Friday, August 12, 2016

Our God Is....

    "But You, O Lord, are a God merciful and gracious, Slow to anger and abundant in lovingkindness and truth." (Ps. 86:15)

    "The LORD is gracious and merciful; Slow to anger and great in lovingkindness." (Ps. 145:8)

    "The LORD is compassionate and gracious, Slow to anger and abounding in lovingkindness." (Ps. 103:8)

     I love Psalms. While I love some modern praise music, there is a simplicity to the psalms that I love. I think we sometimes overlook the simple praise to God for His character qualities. David so often takes the time to sing praise to God for aspects of His character, His mercy, His truth, His Word, His lovingkindness.

    This isn't a long post, but I love this little collection of verses, verses that are simple and pure praise to God for being who He is. They aren't complicated, but they are deep reflections of the character of God.
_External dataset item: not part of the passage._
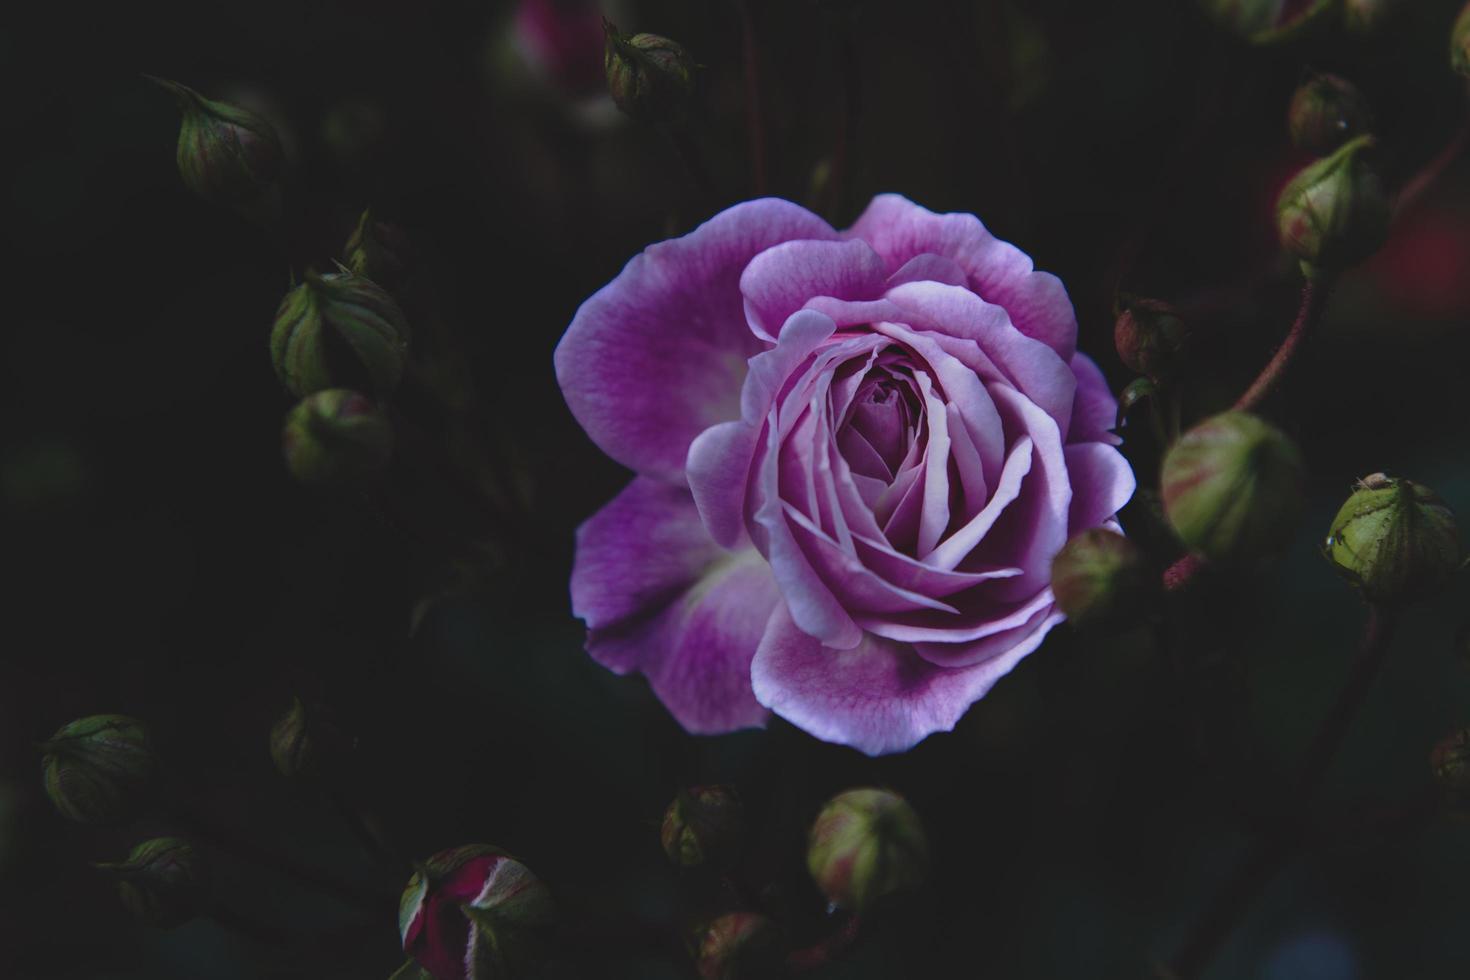 Close-up of purple rose photo

He is merciful and gracious, compassionate and slow to anger, abundant in lovingkindness and in truth.

    Do we understand that this is David's rejoicing in these truths of who God is? These are verses of who God is and what His thoughts toward His chosen people are. Rejoice in them! Take comfort in them! When you are down or feel condemned or under His judgment, look at them and consider once again the beautiful grace that beckons us and calls us to rejoice in Him as our Savior, our Father, and our King.